• **AIM OF THE TASK**: Repeat, exactly and with no pictures, the lines that run from the beginning of the entries through the line containing "KEEP TRACKING THE TEAMS".

Records from a data source
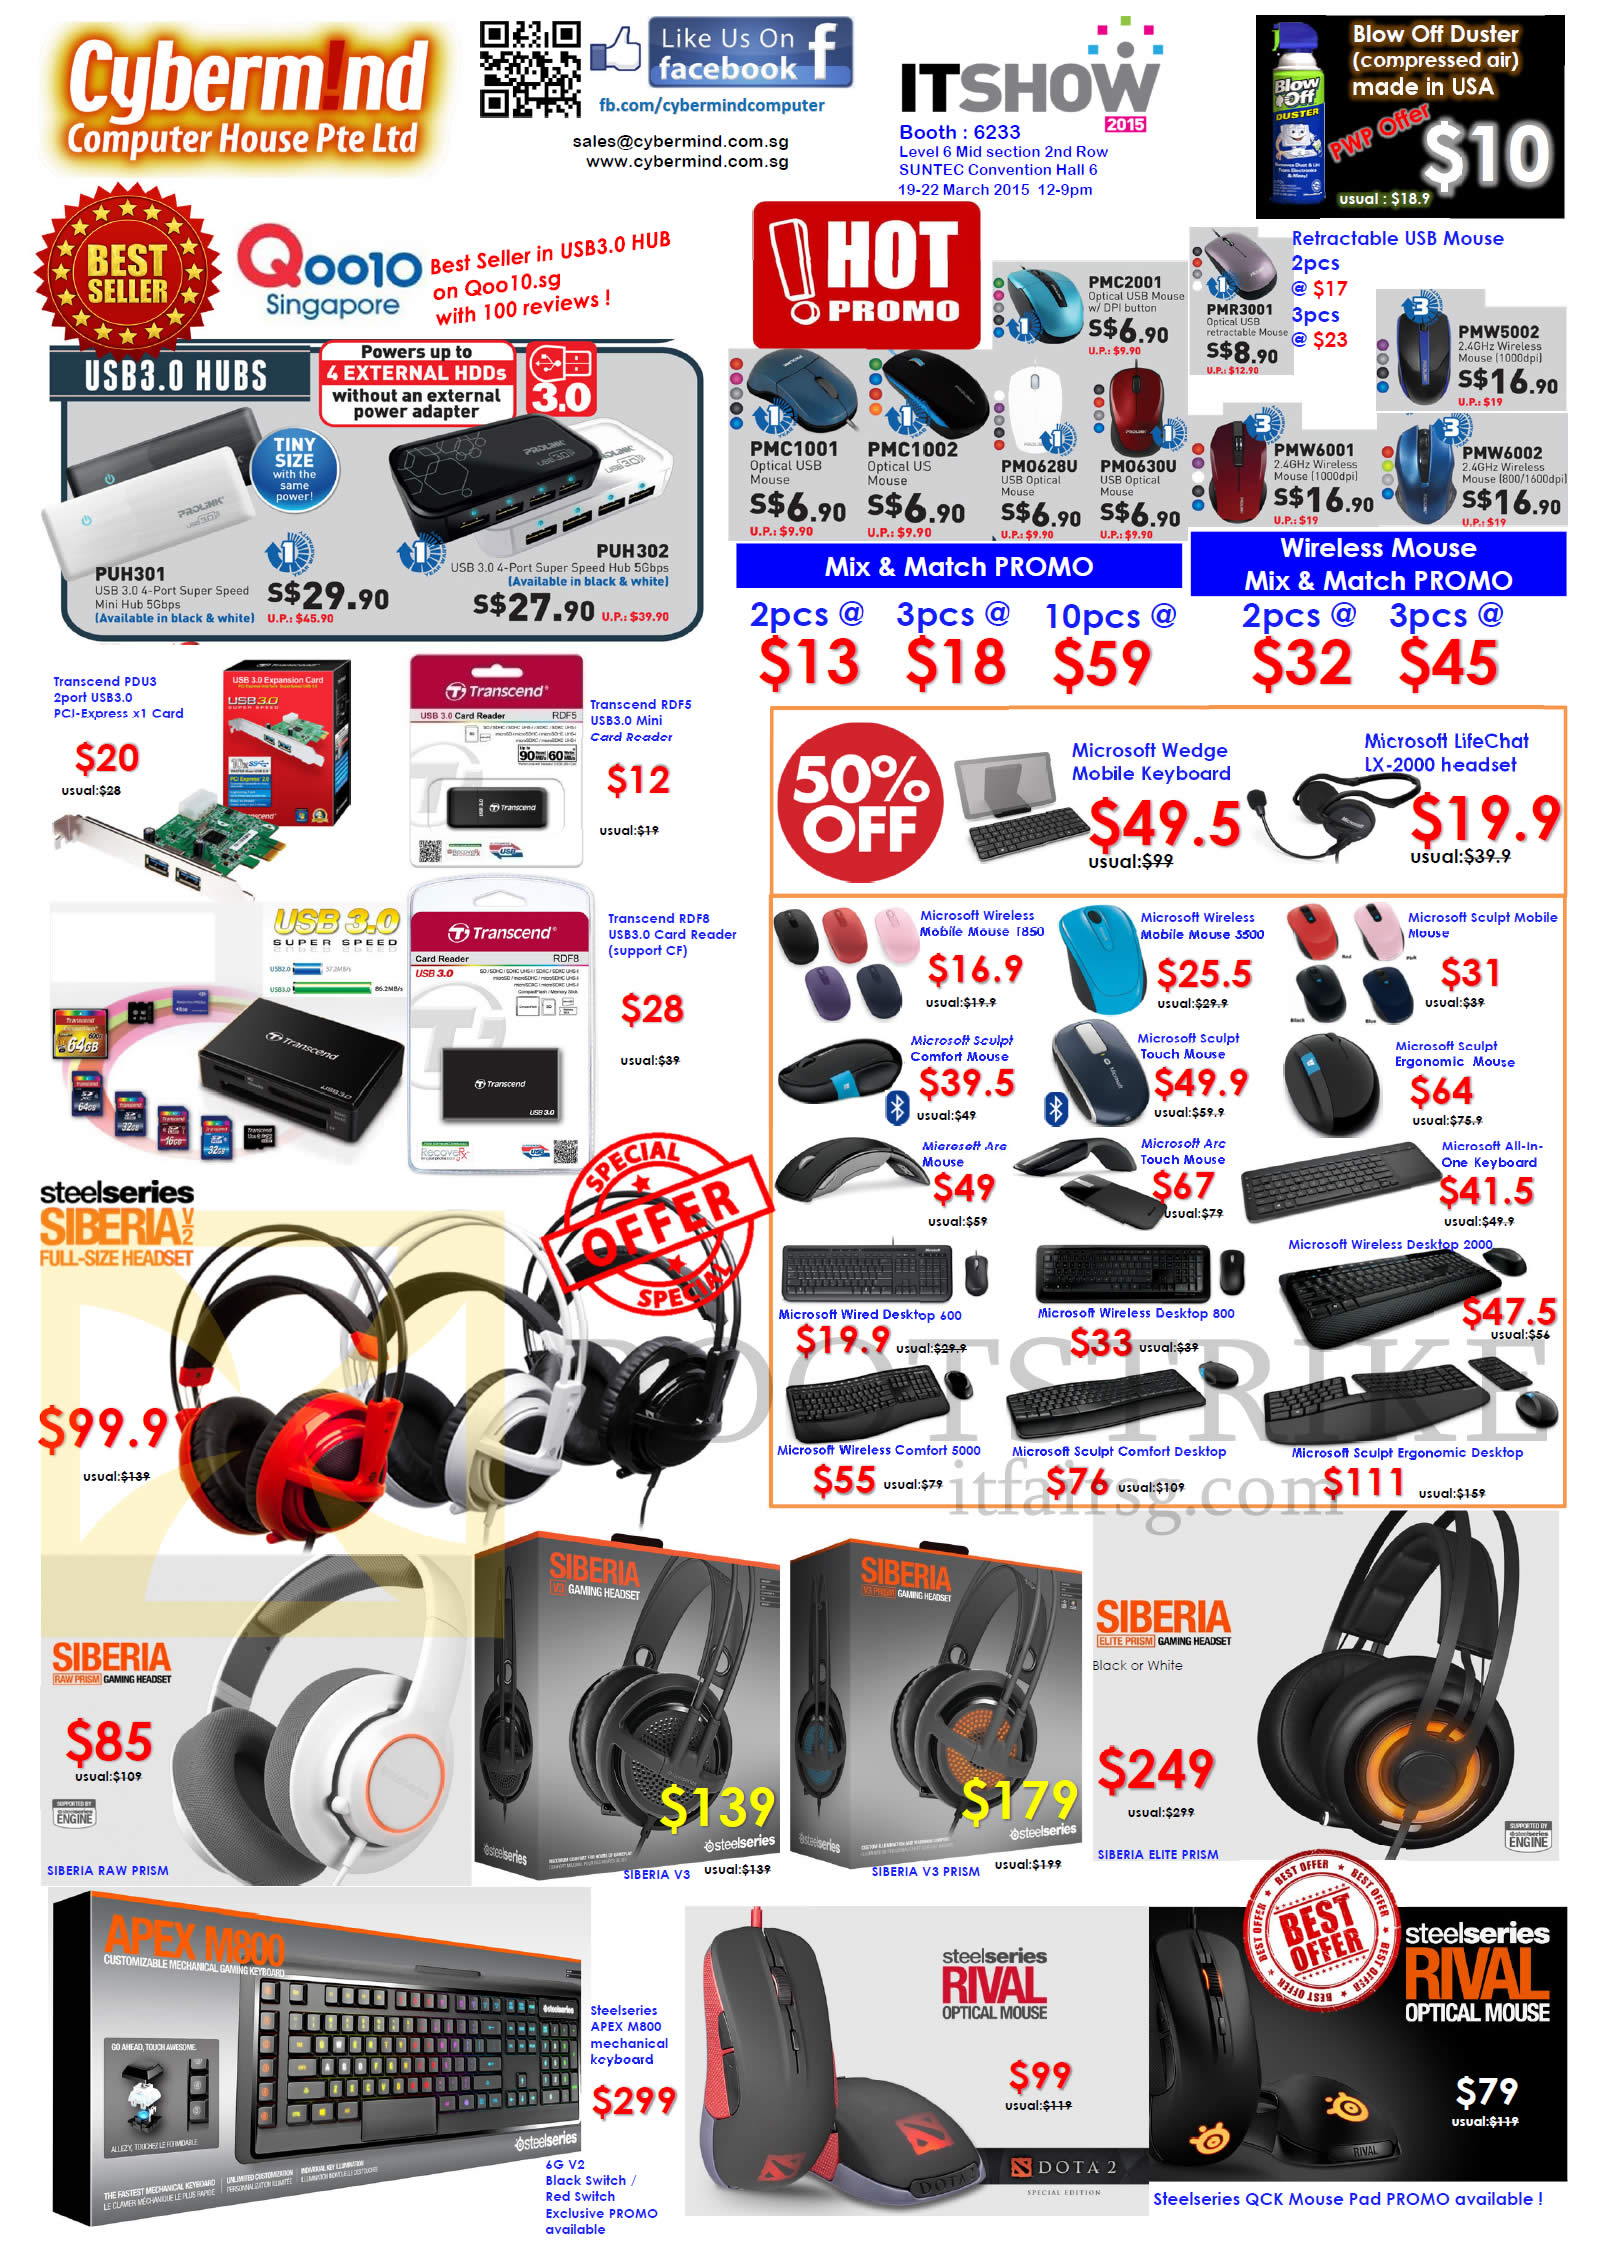 IT SHOW 2015 price list image brochure of Cybermind Accessories USB Hubs, Headphones, Keyboards, Mouse, Bluetooth Headset, SteelSeries, Microsof Sculpt, Transcend, Prolink
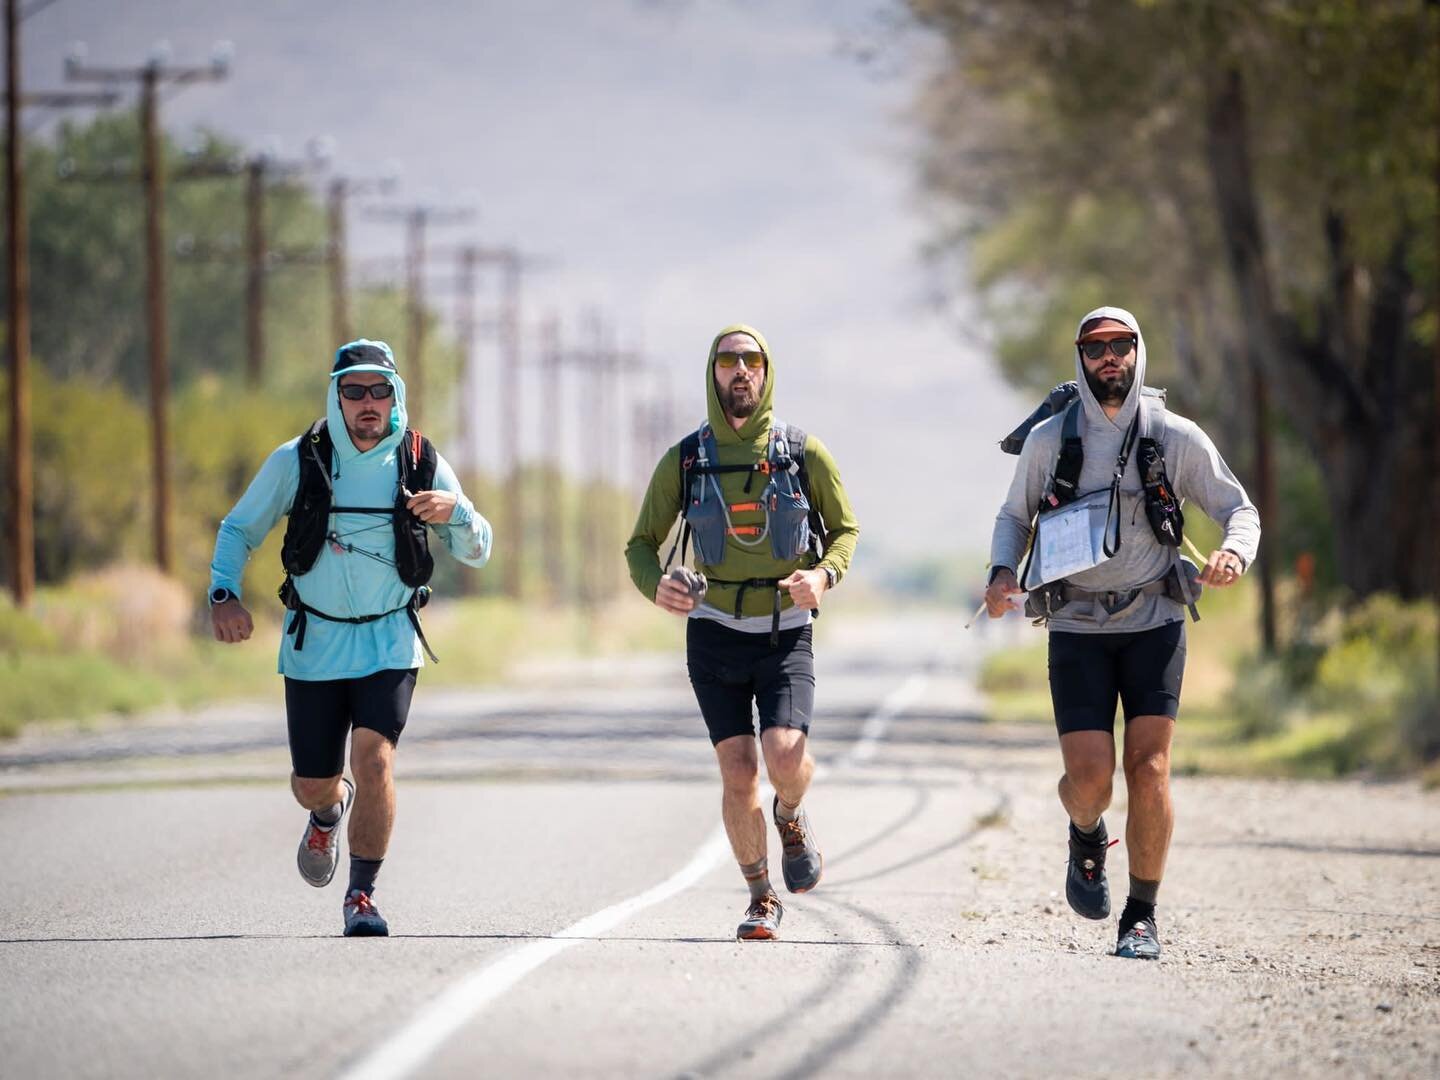 Teams continue to make their way to the finish line. Some run, some jog, some stroll. And all of them cross the line with a huge smile! 

KEEP TRACKING THE TEAMS
https://www.adventureracinginsider.com/usaranationals22

The 2022 USARA season is brough

• **RESULT OF THIS TASK**:
 IT SHOW 2015 price list image brochure of Cybermind Accessories USB Hubs, Headphones, Keyboards, Mouse, Bluetooth Headset, SteelSeries, Microsof Sculpt, Transcend, Prolink
 Teams continue to make their way to the finish line. Some run, some jog, some stroll. And all of them cross the line with a huge smile! 

KEEP TRACKING THE TEAMS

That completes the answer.